Africa-Press – Togo. A quoi sert donc l’armada de conseillers, d’experts et de juristes logés à la présidence de la République?
Le processus électoral en cours au Togo vient une fois encore d’illustrer, de manière éclatante, les carences structurelles de l’appareil étatique et le dysfonctionnement chronique des institutions de la République.
Le 21 mai 2025, conformément aux textes régissant l’organisation territoriale et sur la base des données actualisées du cinquième Recensement général de la population et de l’habitat (RGPH-5), le président du Conseil, chef du gouvernement, a pris un décret en conseil des ministres fixant le nombre de conseillers municipaux, de maires et d’adjoints au maire par commune. Cet acte réglementaire, fondé sur une compétence exclusive de l’Exécutif, était censé baliser définitivement l’organisation des prochaines élections locales.
Contre toute attente, à cinq heures de la clôture du dépôt des candidatures, ce 29 mai 2025, un simple communiqué de la Commission électorale nationale indépendante (CENI), signé de son président, est venu suspendre l’application dudit décret. Aucun fondement légal ne semble justifier une telle prérogative.
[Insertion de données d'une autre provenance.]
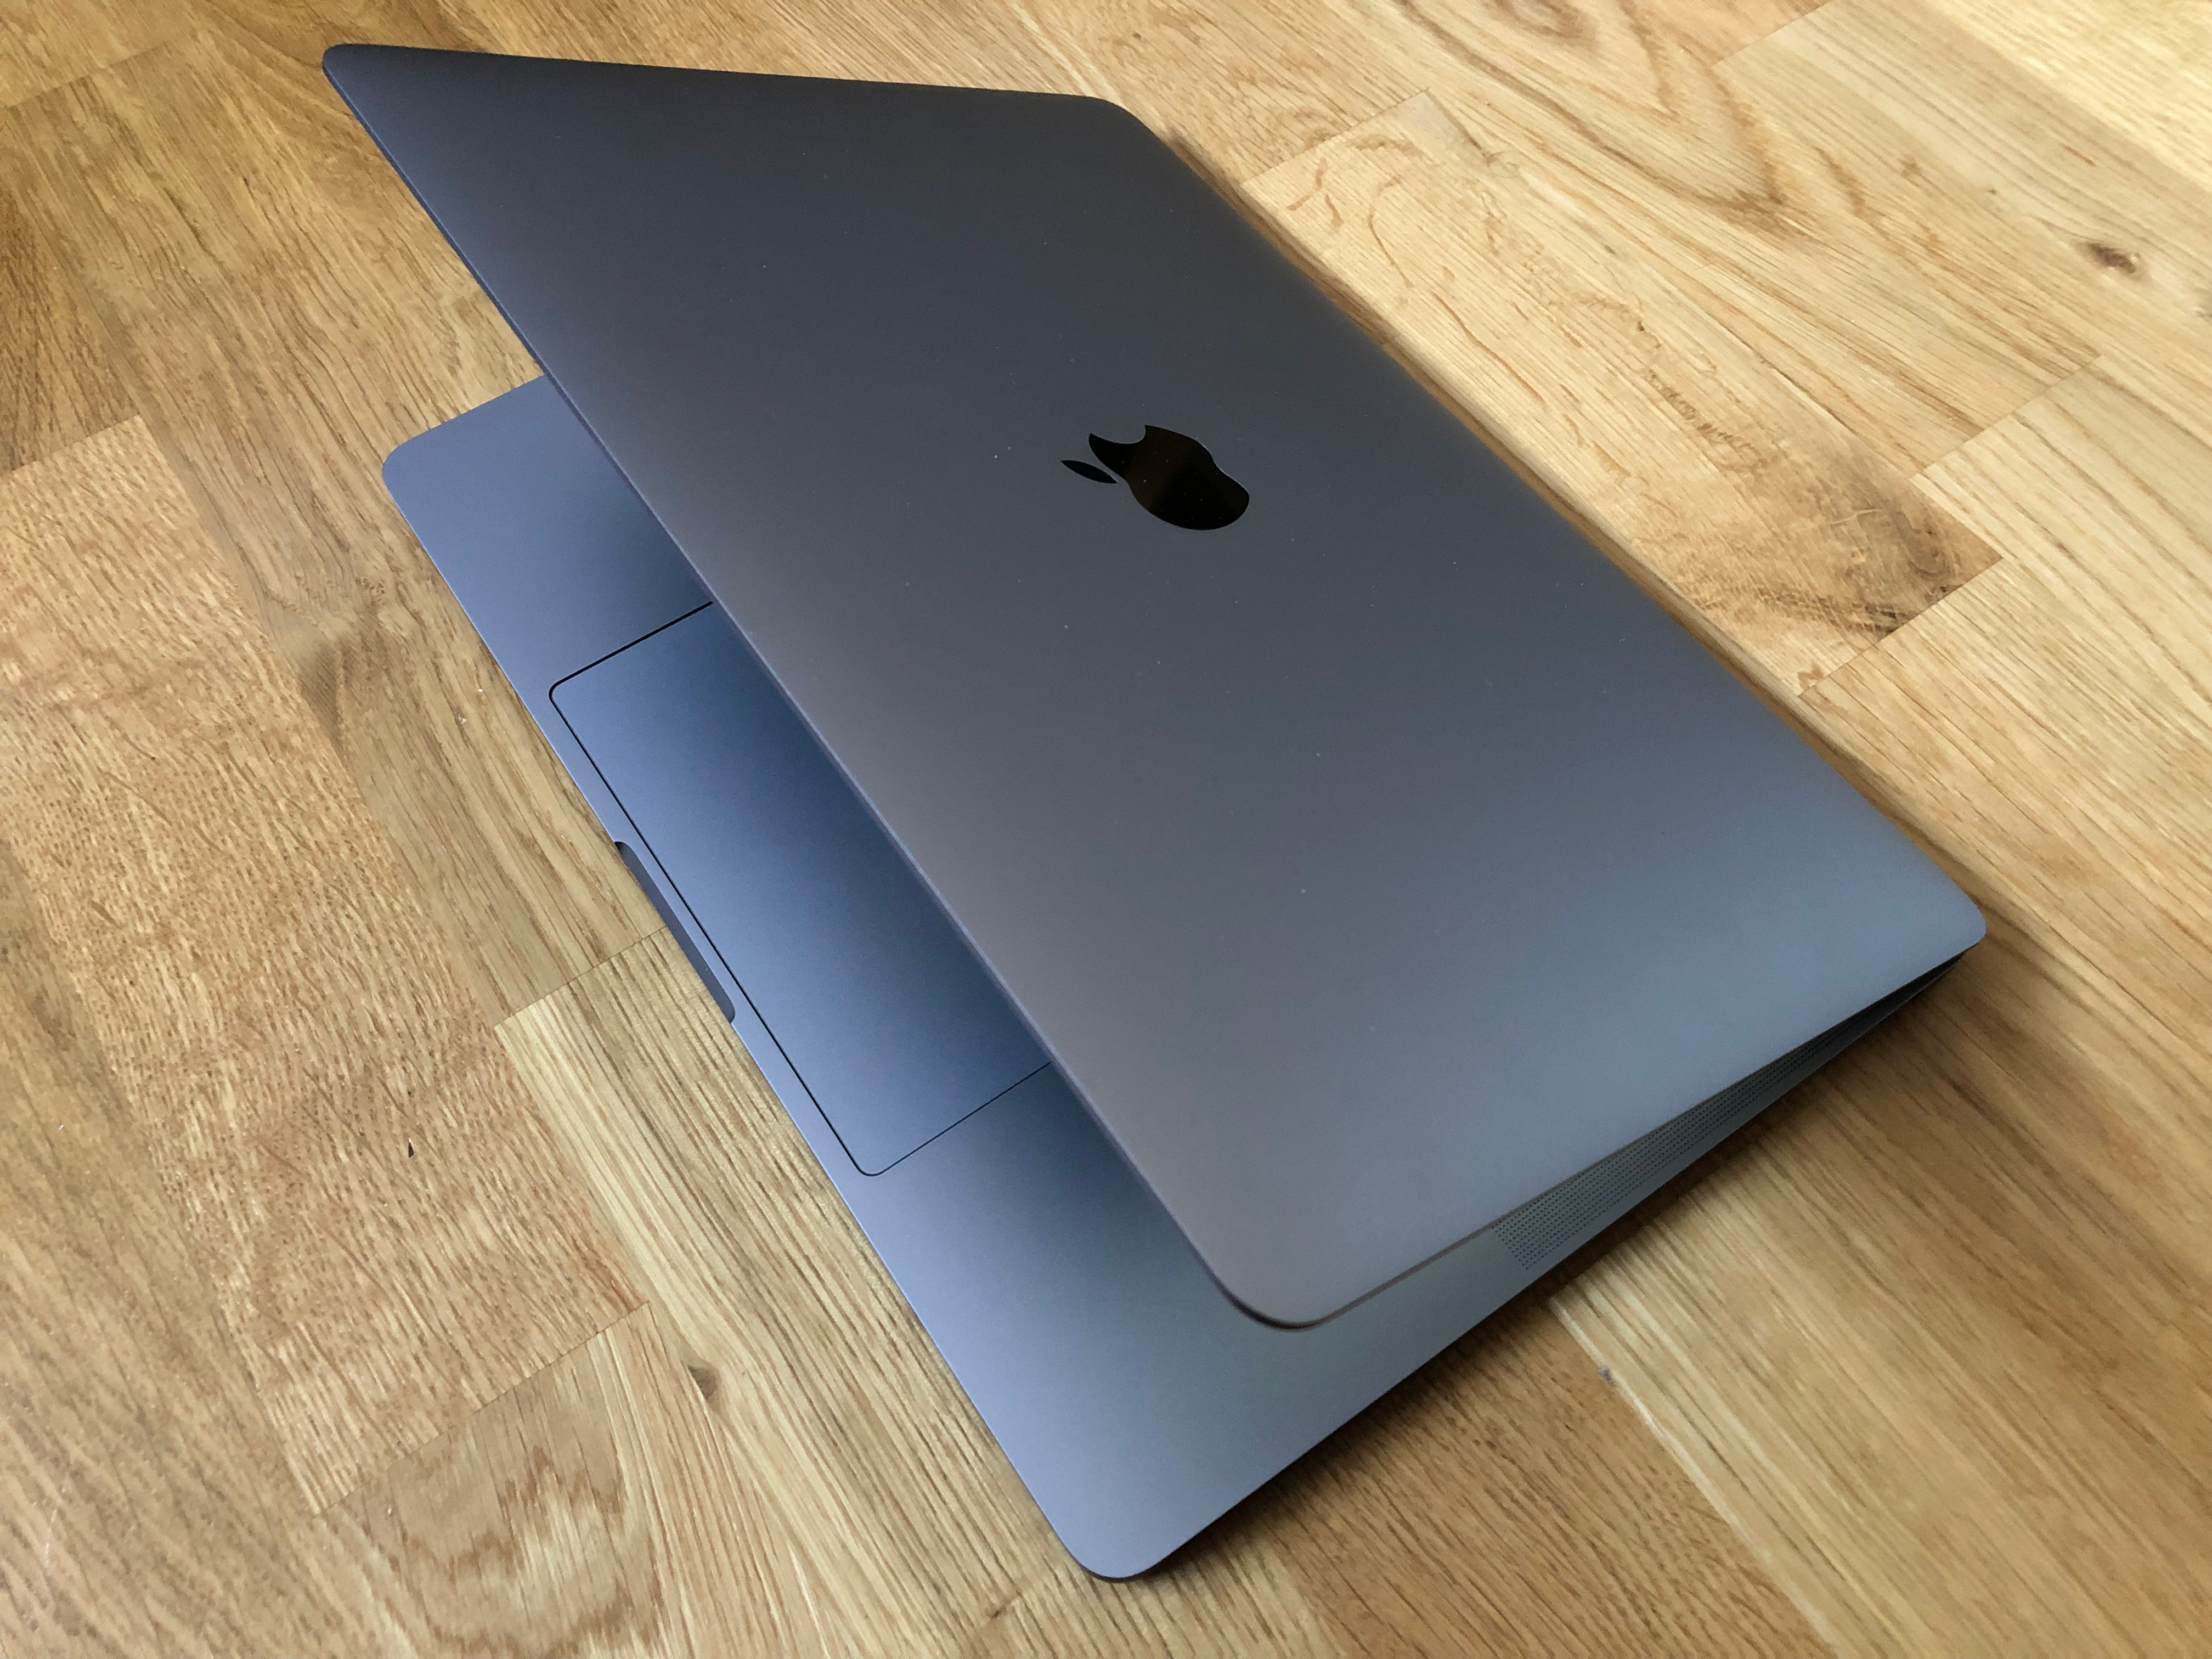 Apple MacBook Air (2018) vs MacBook vs. MacBook Pro: Which

En vertu du principe de séparation des pouvoirs et de hiérarchie des normes, une autorité administrative indépendante, fût-elle la CENI, ne saurait abroger ou suspendre un acte émanant du pouvoir exécutif sans violer gravement les règles élémentaires du droit public, notamment le parallélisme des formes et des compétences.
Ce revirement aussi brutal qu’irrationnel jette une lumière crue sur l’amateurisme institutionnalisé qui gangrène le sommet de l’Etat. A quoi sert donc l’armada de conseillers, d’experts et de juristes logés à la présidence de la République, si des erreurs aussi grossières sur la mécanique administrative continuent de se produire? La répétition de tels égarements n’est pas une simple maladresse ; elle traduit un dérèglement profond de l’appareil décisionnel, un pilotage à vue qui s’étend désormais à tous les secteurs, et un affaissement manifeste de l’autorité de l’État.
Au-delà de l’embarras institutionnel, c’est la crédibilité même du processus démocratique qui se trouve compromise. En s’arrogeant des compétences qu’elle ne détient pas, la CENI fragilise son indépendance déjà contestée et accentue la méfiance des citoyens envers les mécanismes électoraux.
Il est urgent de remettre de la rigueur, de la cohérence et du respect des normes dans la conduite des affaires publiques. La République ne peut continuer à se construire dans l’approximation, l’improvisation et l’incohérence institutionnelle.